This is my speculation, but I believe that the car may be running two AP algorithms in parallel. Algorithm "A" is the active one and is controlling the car. It's a mature, tested algorithm. Algorithm "B" is a new algorithm that's running in parallel, but not controlling the car. Now, the following event happens:

The driver sees that AP is doing something it shouldn't, and takes over steering. Data is now sent back to Tesla: What the driver did (assumed to be correct), what algorithm A wanted to do (assumed to be wrong), and what algorithm B wanted to do. If repeated data shows that algorithm B's desired action more closely matched the driver's action, then algorithm B's modifications may be issued into the next "A" algorithm release.

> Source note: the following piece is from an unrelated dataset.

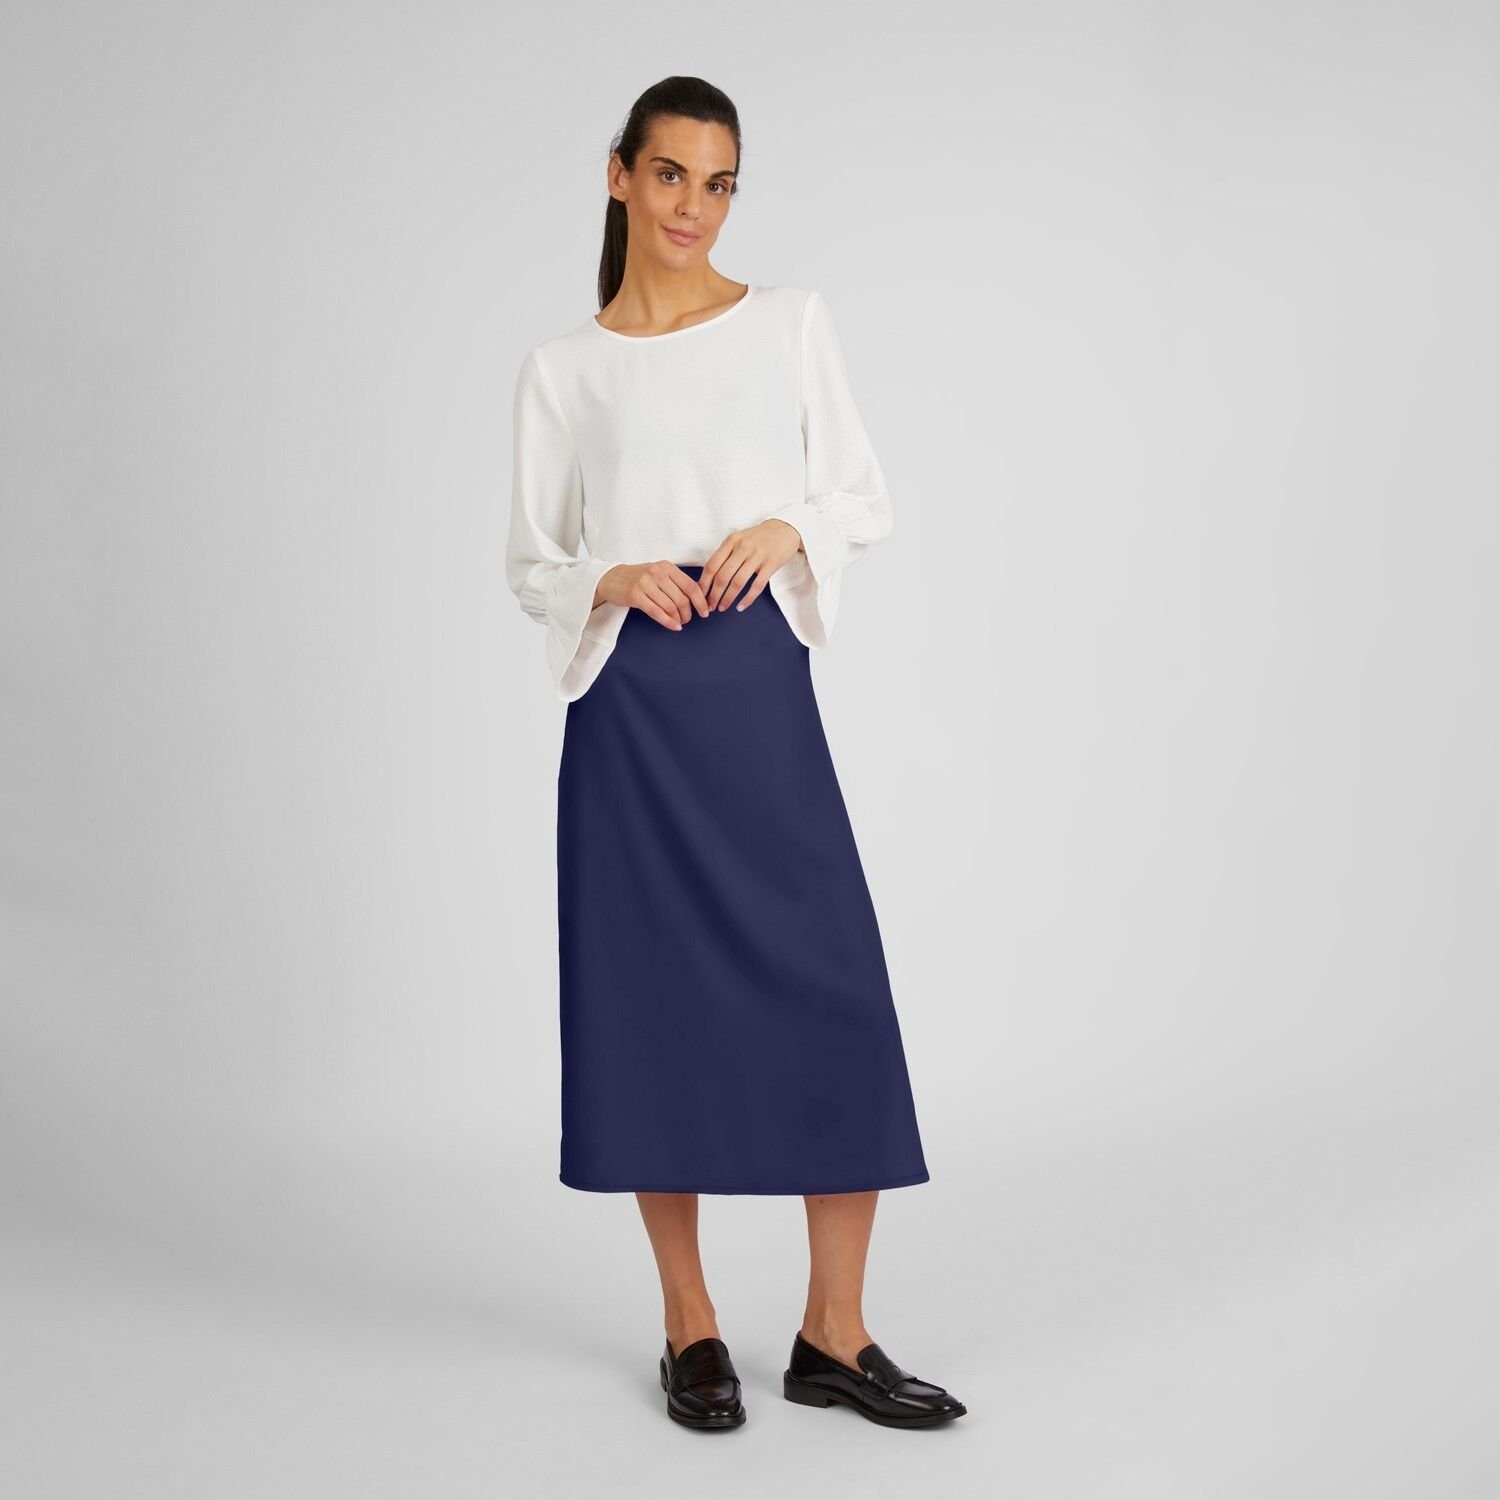 lovely sisters A-Linien-Rock Ronja abstraktem blue Herz-Muster mit navy

I also believe that not everyone may be running the same "A" and "B" algorithms, even if you're on the same firmware version. As an example, here in Texas most major cities use light-colored concrete for the freeways. To test different light-concrete algorithms, Tesla would push those here, whereas other parts of the country might get test algorithms for darker-colored asphalt, or test algorithms for hills, etc.. This would explain why some people say that firmware version X is the best AP they have seen, while others say that same firmware version is worse.

I feel that the late 7.1 builds of AP had much better control than the new 8.0 AP, and it could be because down here in Texas we may have been running light-concrete optimized algorithms, which have been pulled out for the wide 8.0 release. They'll eventually make their way back in.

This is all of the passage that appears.